[PROVIDED MATERIAL Boundary: Start]
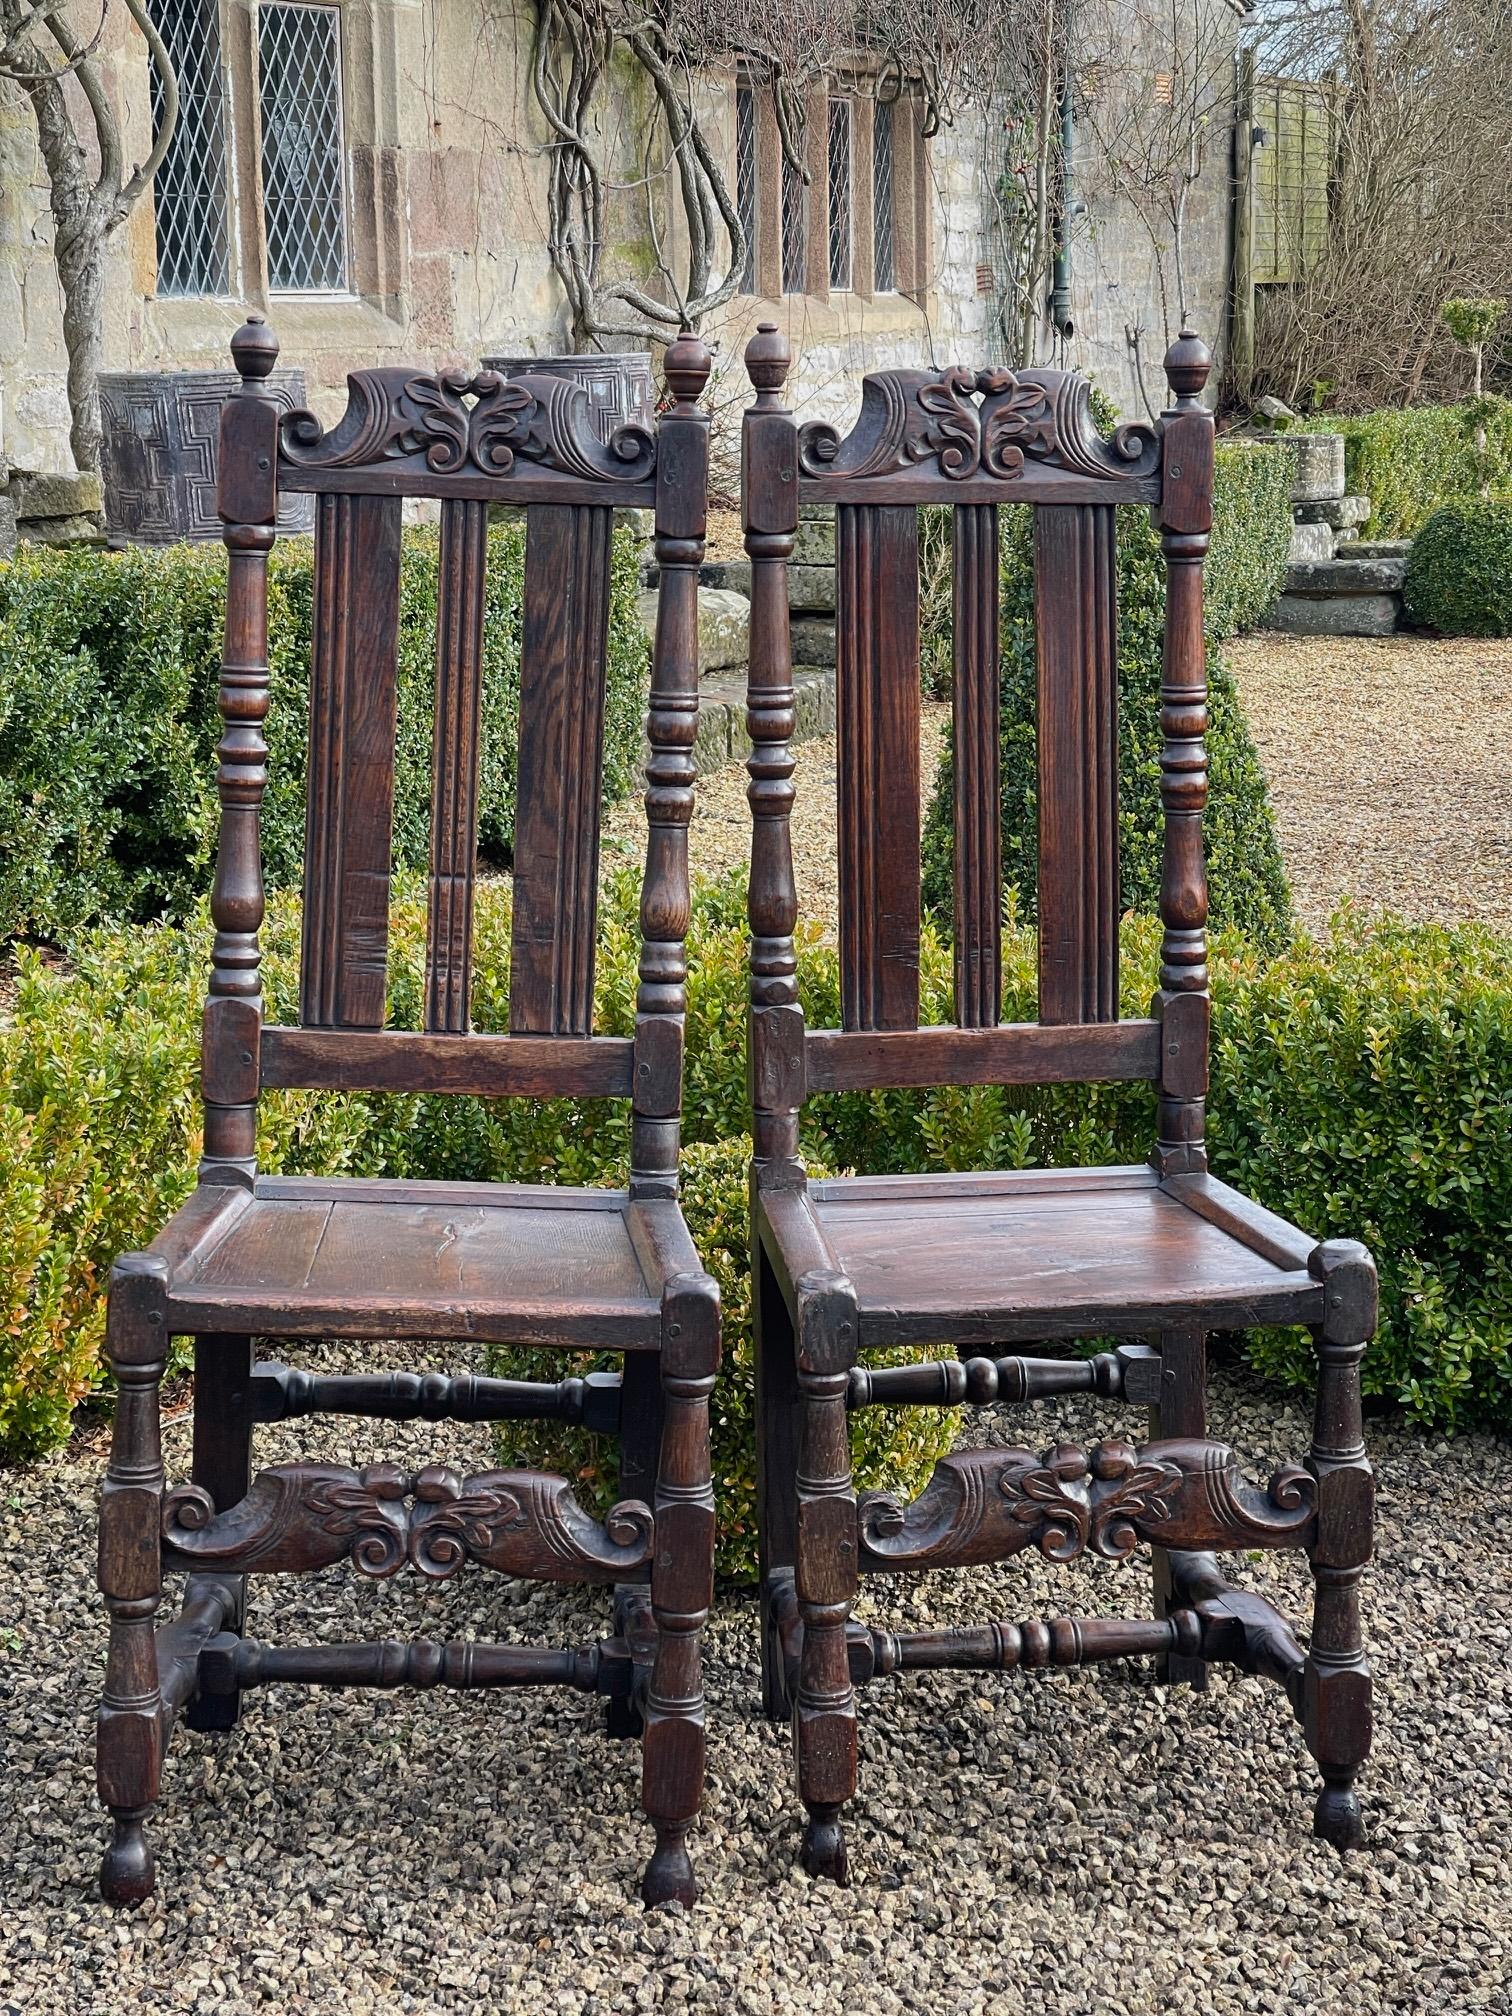 Une belle paire de chaises en chêne du 17ème siècle avec des rails en forme de crête et des extensions frontales, le tout en bonne couleur et patine.

120 cm de haut 45 cm de large siège 49 cm
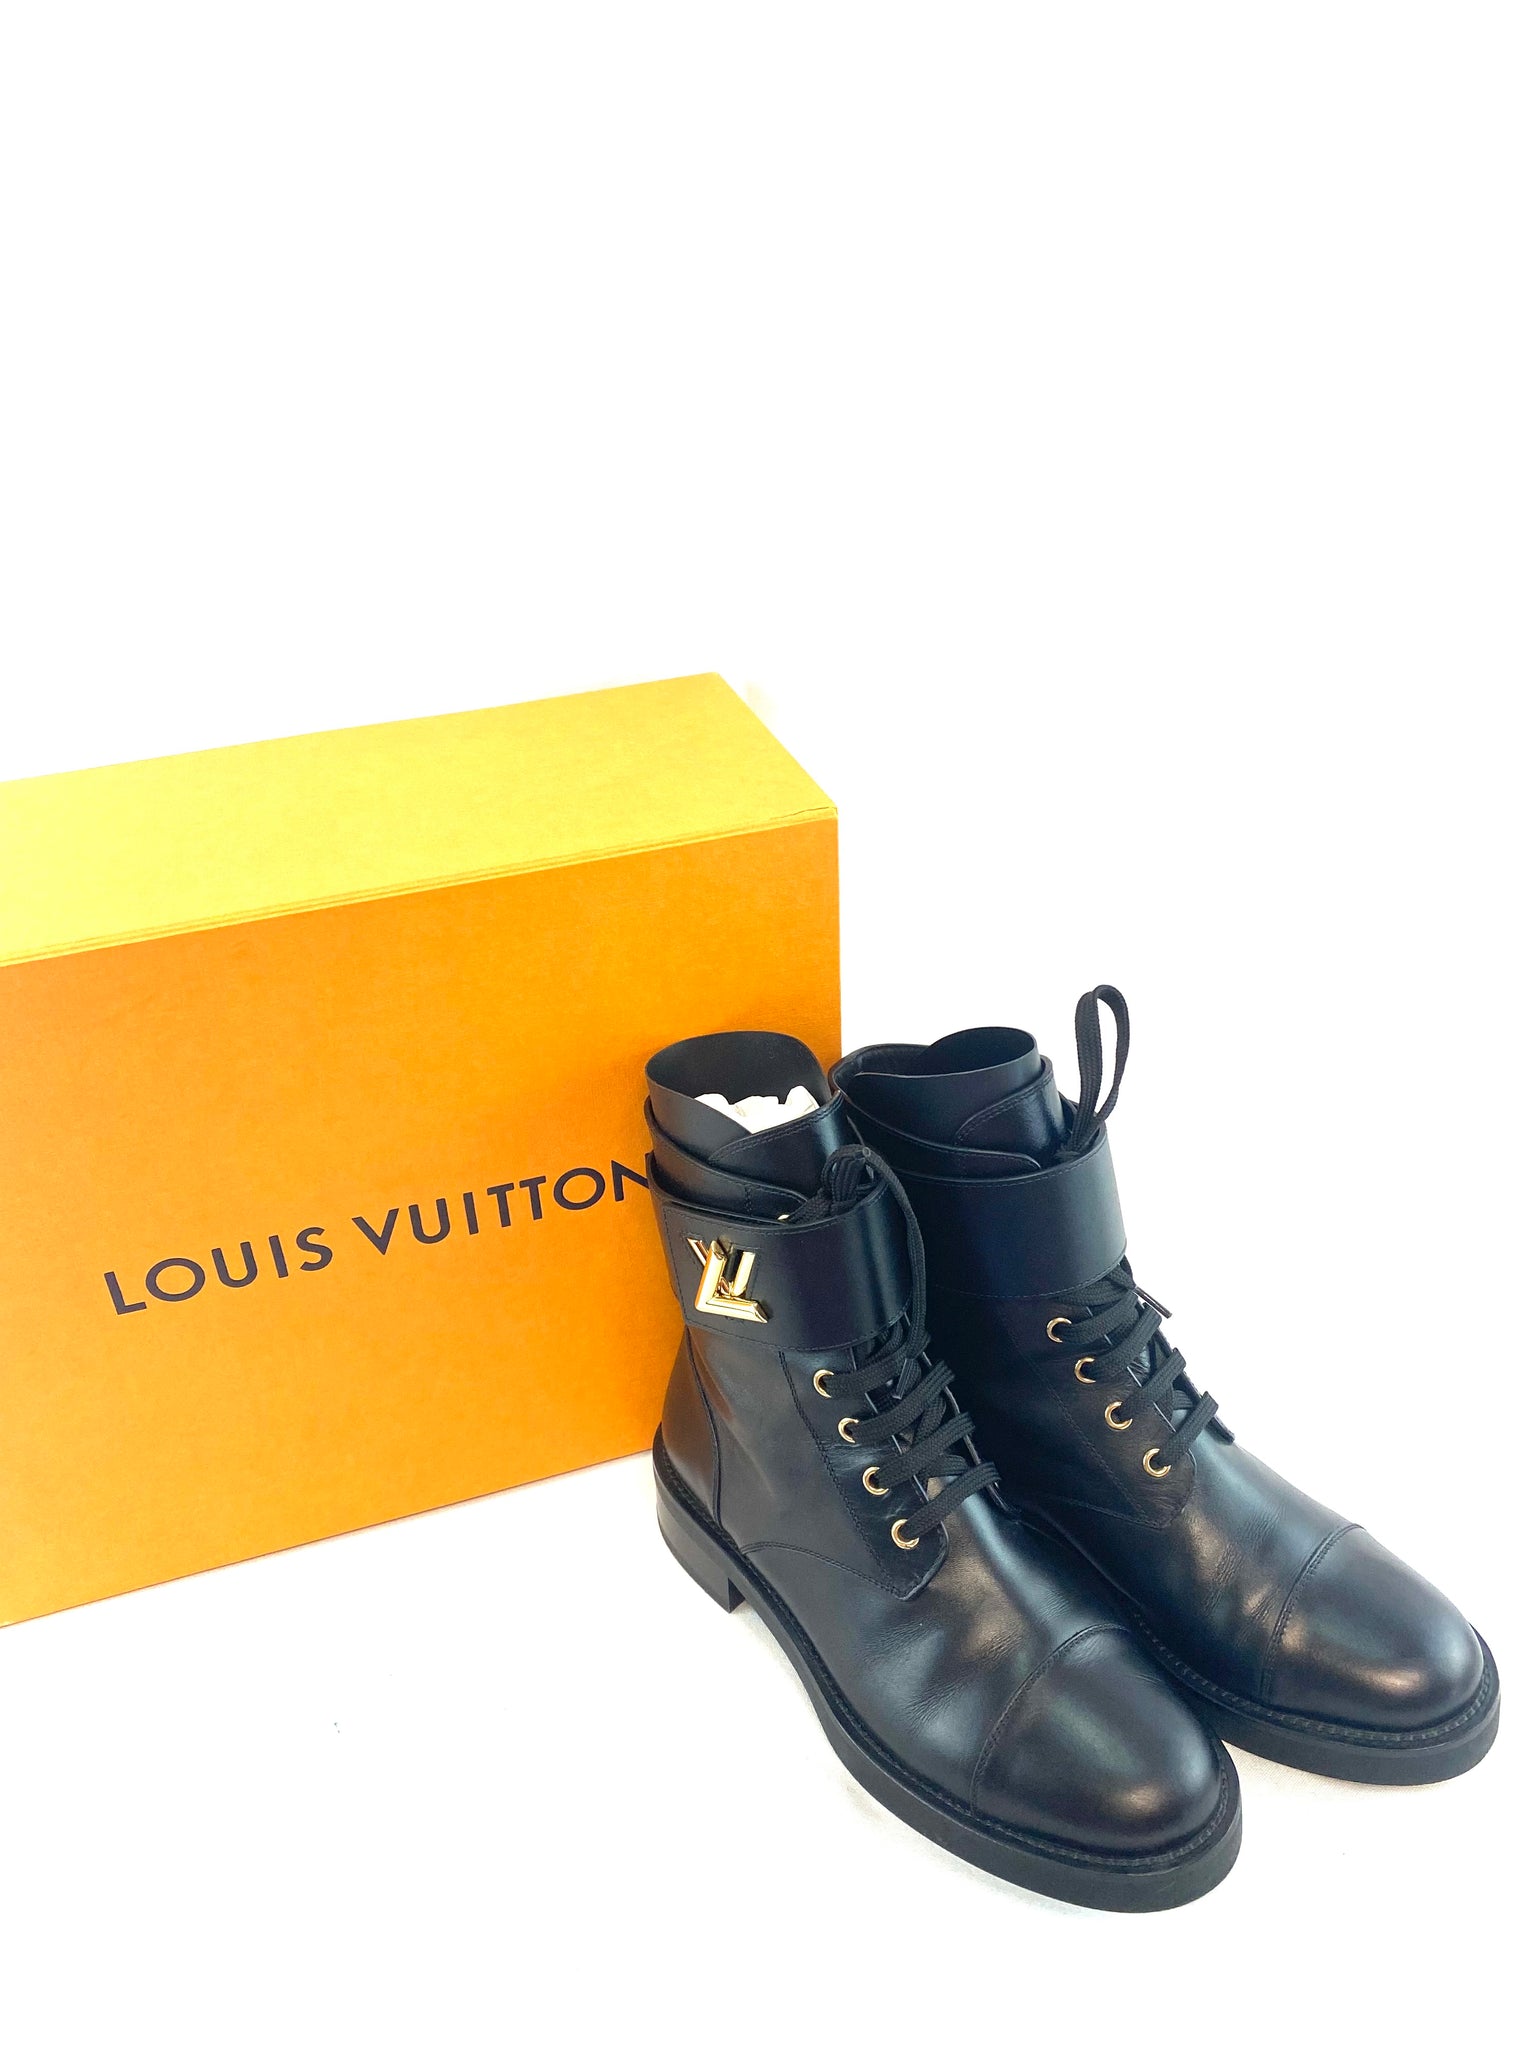 Louis Vuitton Wonderland Ranger boots!
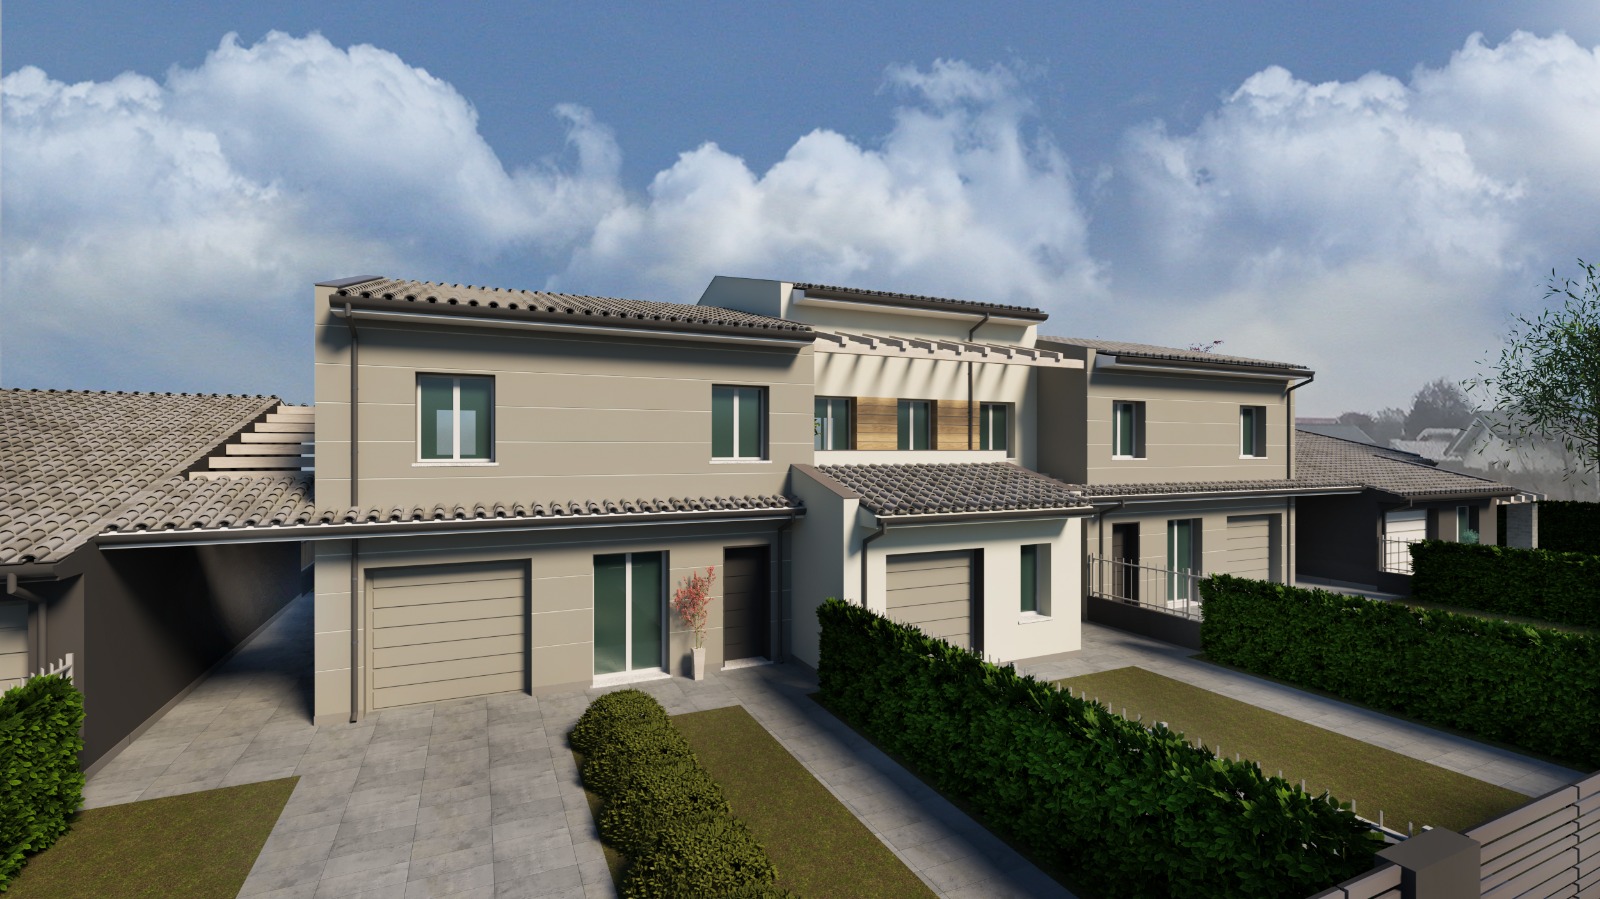 Nuova villa ad angolo a Suzzara
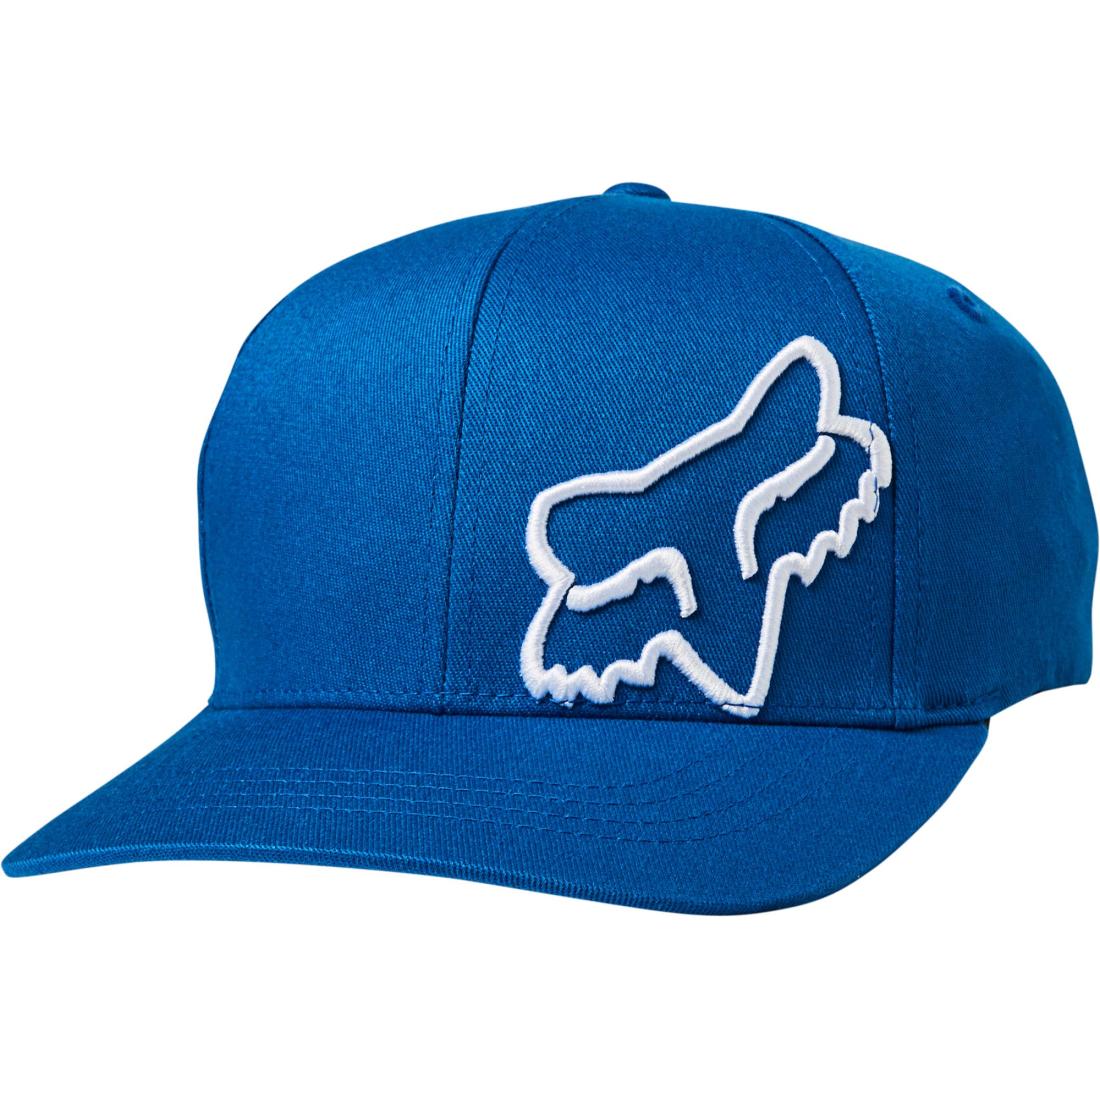 Youth Flex 45 Flexfit Hat Royal Blue
[PROVIDED MATERIAL Boundary: End]
PROBLEM DETAILS:
Repeat every record above exactly. The pictures do not belong in the copy.

OUTPUT BELOW:
 Une belle paire de chaises en chêne du 17ème siècle avec des rails en forme de crête et des extensions frontales, le tout en bonne couleur et patine.

120 cm de haut 45 cm de large siège 49 cm
 Louis Vuitton Wonderland Ranger boots!
 Nuova villa ad angolo a Suzzara
 Youth Flex 45 Flexfit Hat Royal Blue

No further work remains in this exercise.